Overall, with the new additions we achieve to introduce new functionality to the CLI Client (compared to the "RunnableProvider" of the previous tutorial), in terms of the "test" method that can be invoked in the console. We illustrate this new functionality by deploying, starting and testing the CLI Client.

Deploying and activating the CLI_Client

First, make sure that you have followed the steps described in the previous tutorials to install and activate the "RunnableProvider" and the "RunnableConsumer" (if some components are not started, start them with the "start ID#" command).

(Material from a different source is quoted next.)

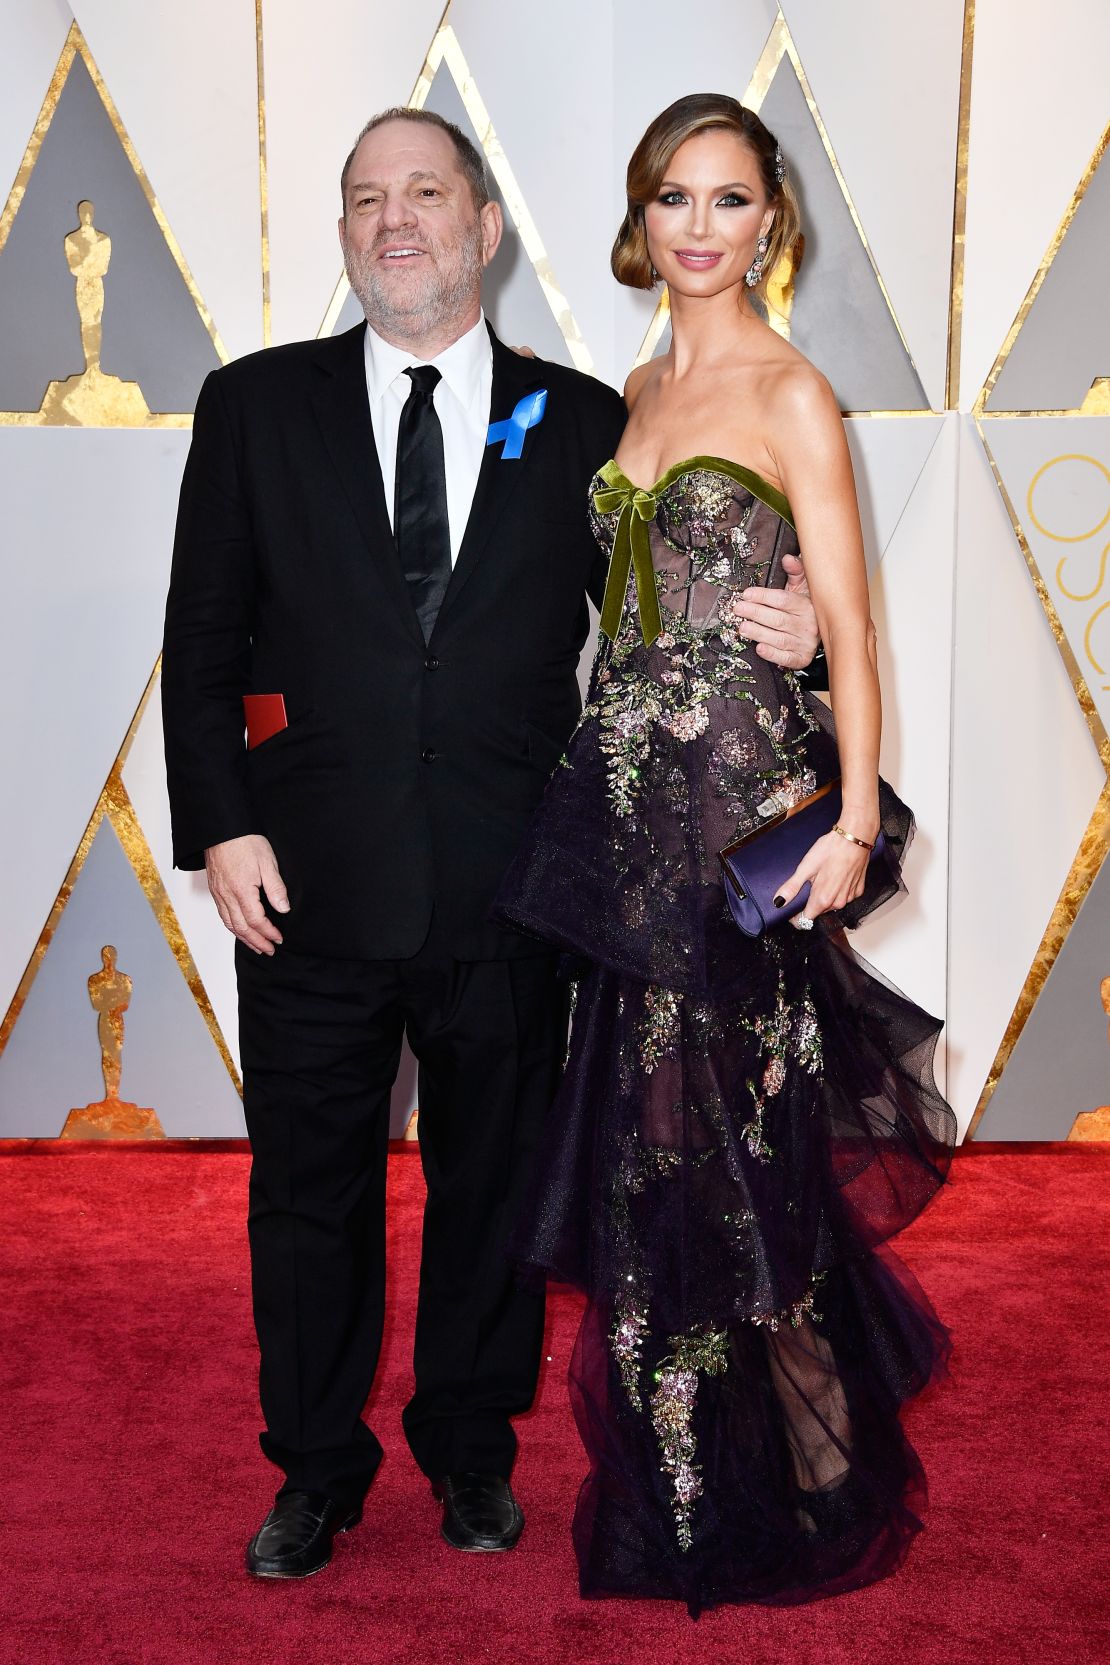 Harvey Weinstein and Georgina Chapman at the Oscars in 2017. (Photo by Frazer Harrison/Getty Images)

Then, proceed to install and activate the CLI_Client. Providing the "bundle 6" command (where 6 is the ID assigned to the CLI Client by the framework), we observe that the component registers the "CommandProvider" service (which is used by the framework for Command Line Interaction as described already) and it uses the "java.lang.Runnable" service, provided by the "RunnableProvider". Furthermore, we note that the bundle imports a package related to OSGi.

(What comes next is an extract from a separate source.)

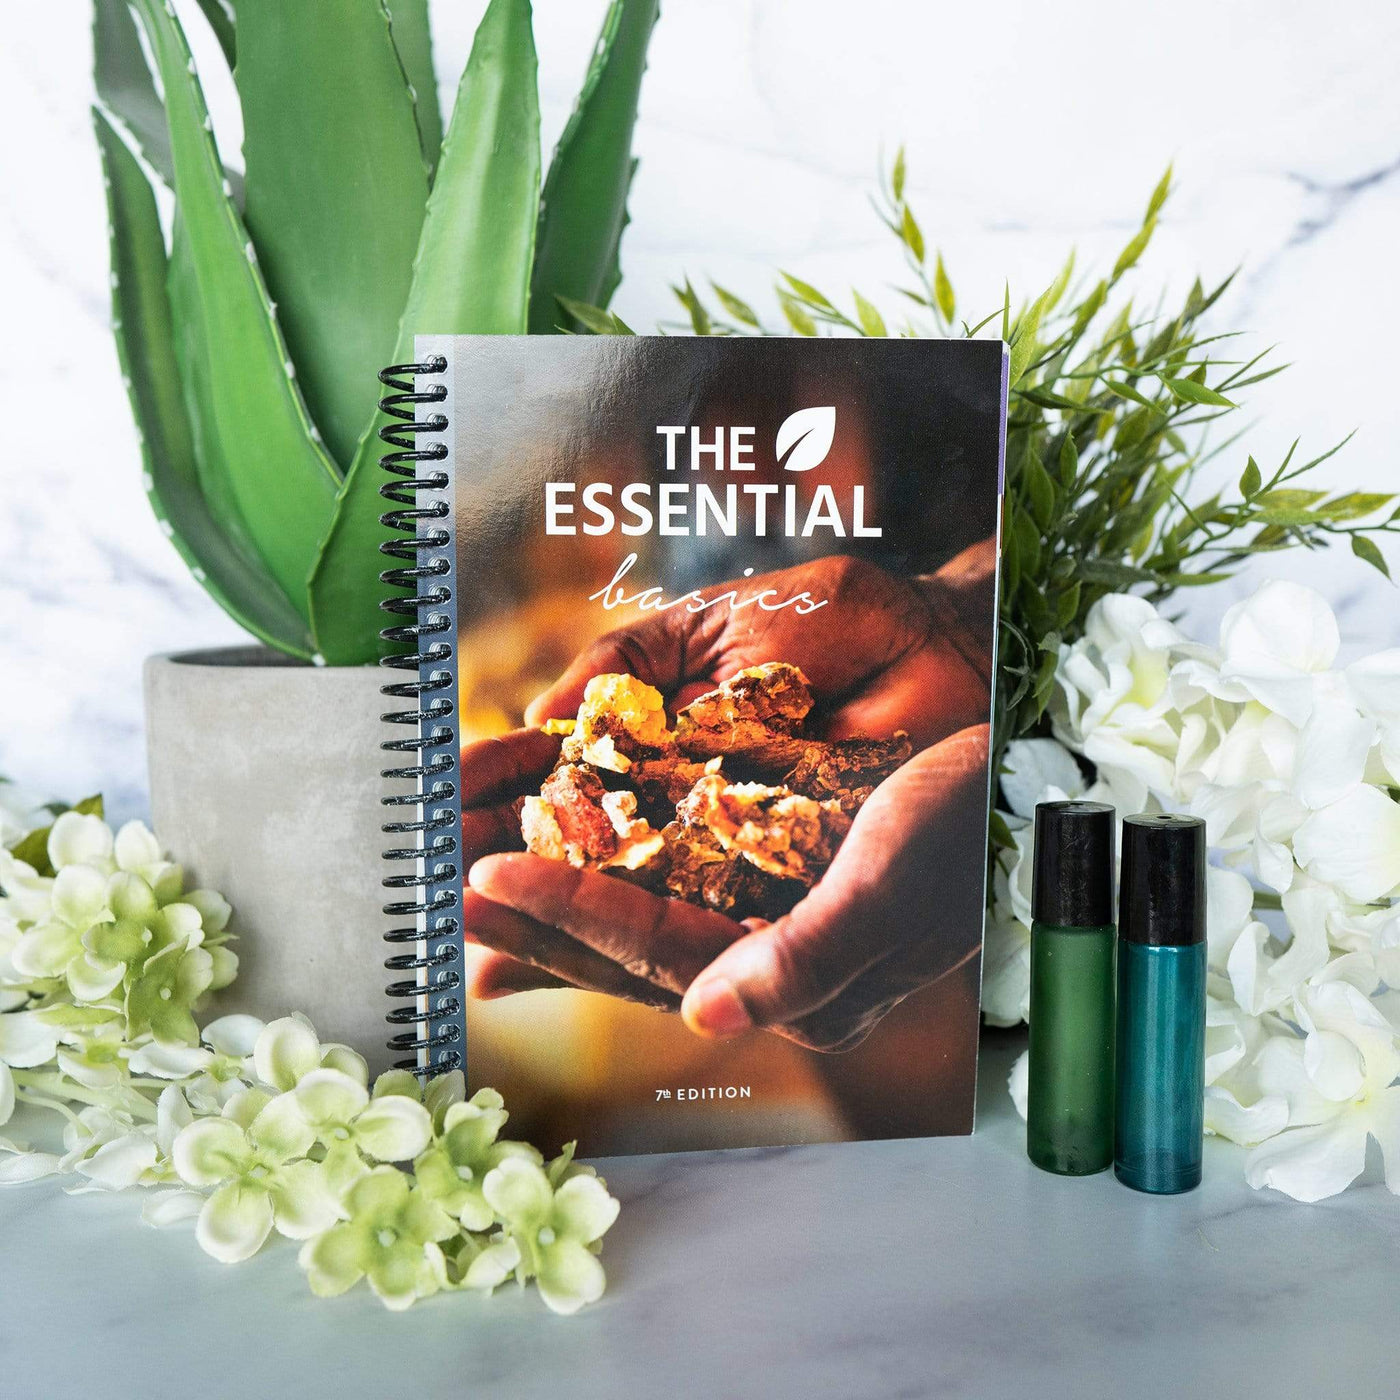 The Essential Basics Book 7th Edition – Oil Life Canada

osgi> install file:CLI_Client.jar
Bundle id is 6

osgi> start 6

osgi> bundle 6
file:CLI_Client.jar [6]
Id=6, Status=ACTIVE      Data Root=C:\eclipse\configuration\org.eclipse.osgi\bundles\6\data
Registered Services
{org.eclipse.osgi.framework.console.CommandProvider}={component.name=CLI_Client, component.id=10, service.id=30}
Services in use:
{java.lang.Runnable}={component.name=RunnableProvider, component.id=9, service.id=29}
No exported packages
Imported packages
org.eclipse.osgi.framework.console; version="1.0.0"<System Bundle [0]>
No fragment bundles
Named class space
CLI_Client; bundle-version="1.0.0"[provided]
No required bundles

osgi> test
Invoking Runnable service ...
RunnableProvider says hi!
Done!

osgi> stop 4

osgi> test
Testing failed: no Runnable service provider available

Notably, when we invoke the custom "test" command, the framework invokes the corresponding method in the "CLI_Client" component, which prints out a message ("Invoking Runnable service ..."), then invokes the service (which results to the output of "RunnableProvider says hi!", as it was specified in the second tutorial) and finally it prints out a third line ("Done!").

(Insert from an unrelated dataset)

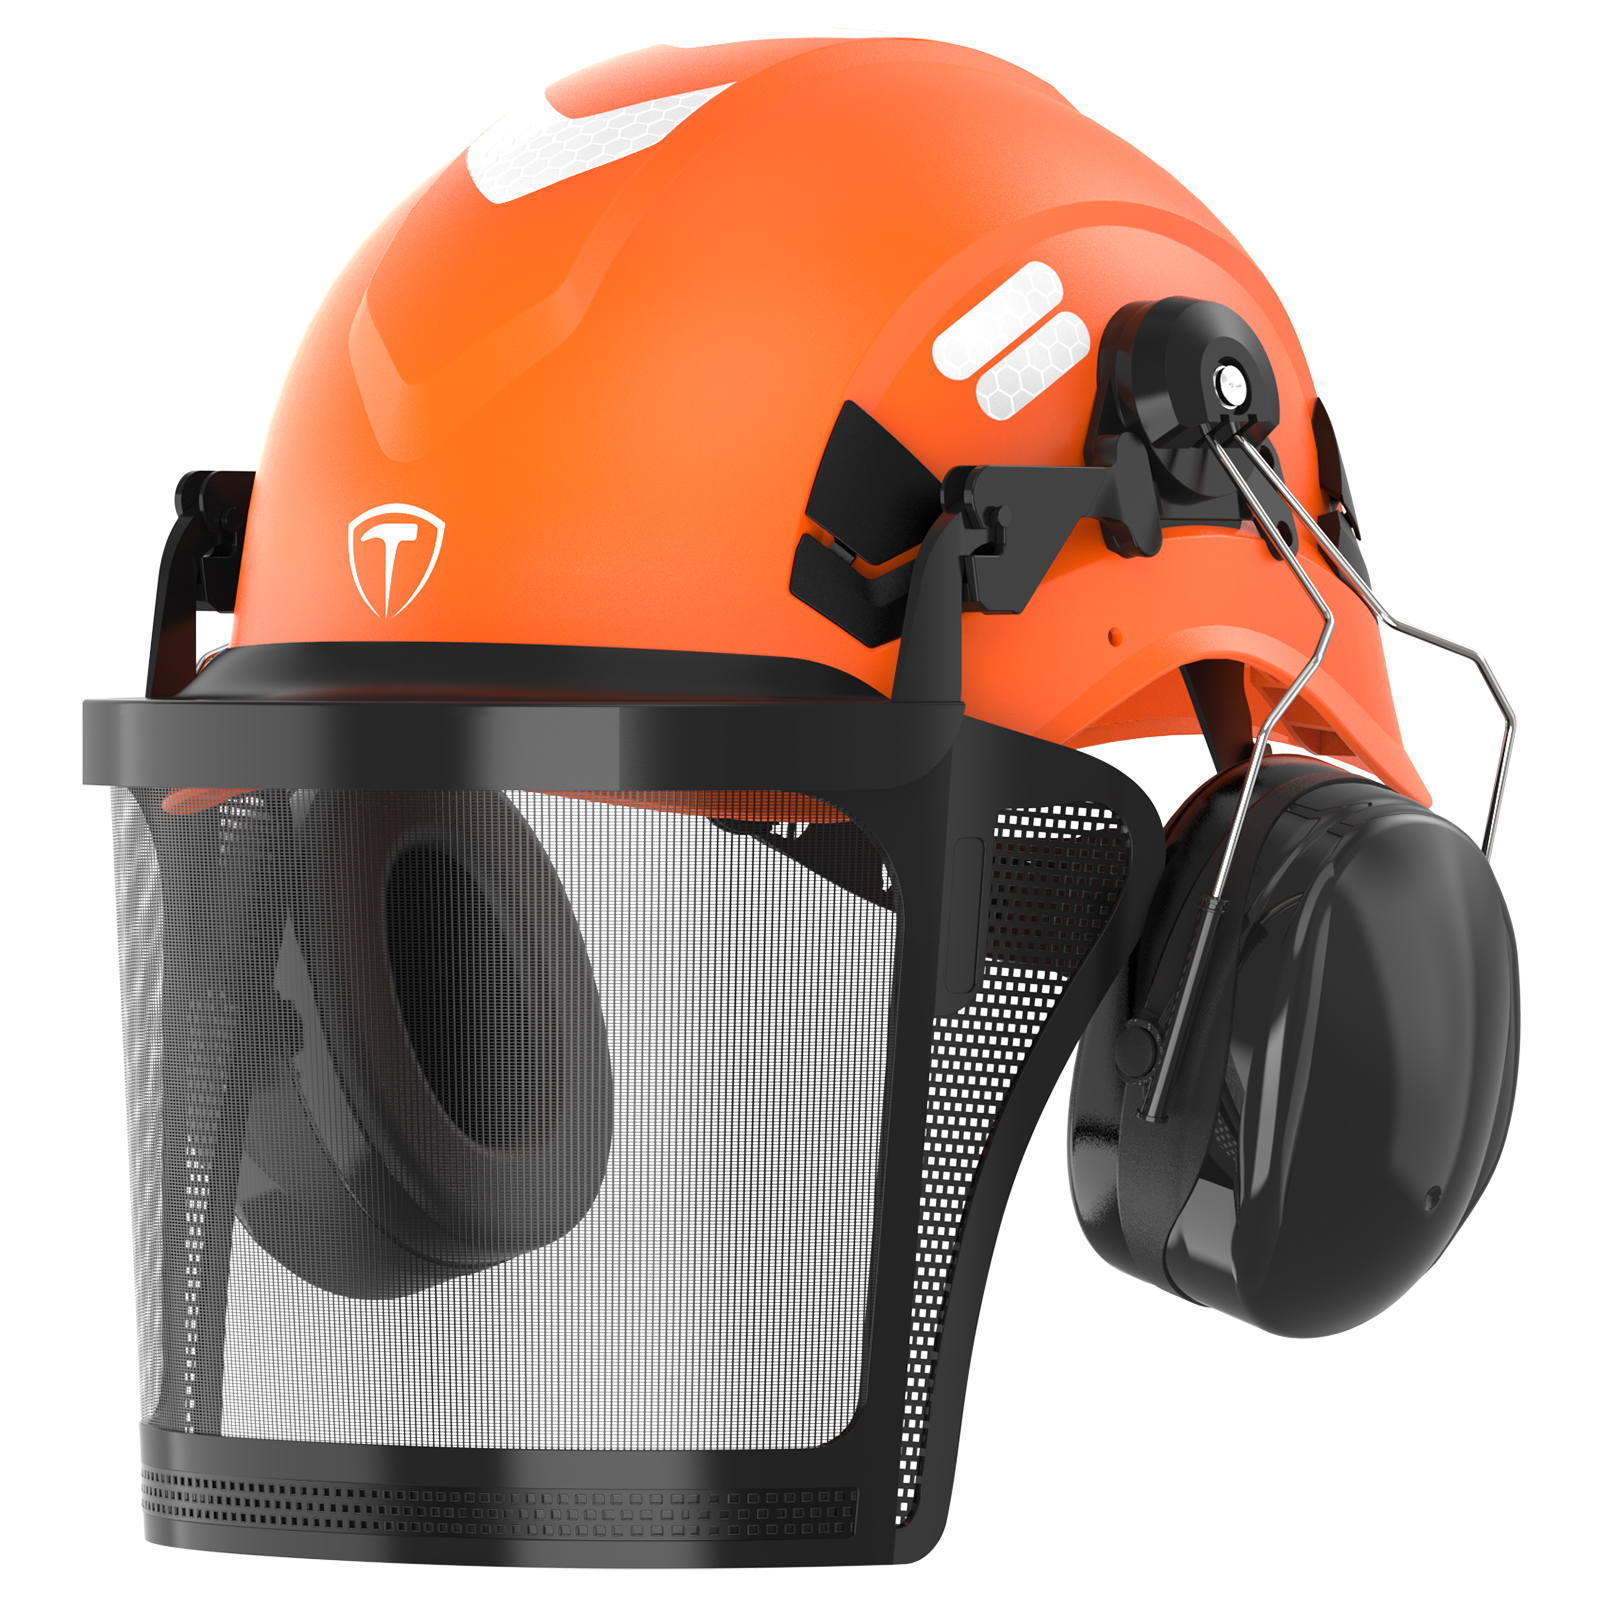 Forestry Safety Helmet with Ear Muffs  Face Shield Visor Chainsaw Safety  Helmet ANSI Approved Arborist Helmet with Anti-Fog Goggles

This means that the invocation of the service was successful, and resulted to the invocation of the "run()" method all the way from the client side, to the service side. Just to make sure that the dynamic binding works, we can try to stop the "ServiceProvider" and run the "test" command again. The former causes the unbinding of the "java.lang.Runnable" service from the clients, which results to setting it to null and thus the print-out of the "Testing failed: no Runnable service provider available" message.

Finally, to show how a service provider can serve more than one clients simultaneously, we can try starting the service back again (via the "start 4" command), and then inspect the service:

osgi> start 4

osgi> services (objectClass=java.lang*)
{java.lang.Runnable}={component.name=RunnableProvider, component.id=12, service.id=32}
Registered by bundle: file:RunnableProvider.jar [4]
Bundles using service:
file:RunnableConsumer.jar [5]
file:CLI_Client.jar [6]

In this case, we can observe that the service is registered by the "RunnableProvider" component, and is assigned an ID (32 in this case, might be different in your case). Notably, there are two bundles using the service: the "RunnableConsumer" defined in the previous tutorial and the "CLI_Client" defined in this one.

Homework 4.1: Read section 2.10 (Interacting with the Framework) in the second chapter of Neil Bartlett's book.

Homework 4.2: Write a bundle that periodically checks the contents of a directory in the filesystem. Whenever a new file with the extension ".jar" appears in that directory, print out an appropriate message.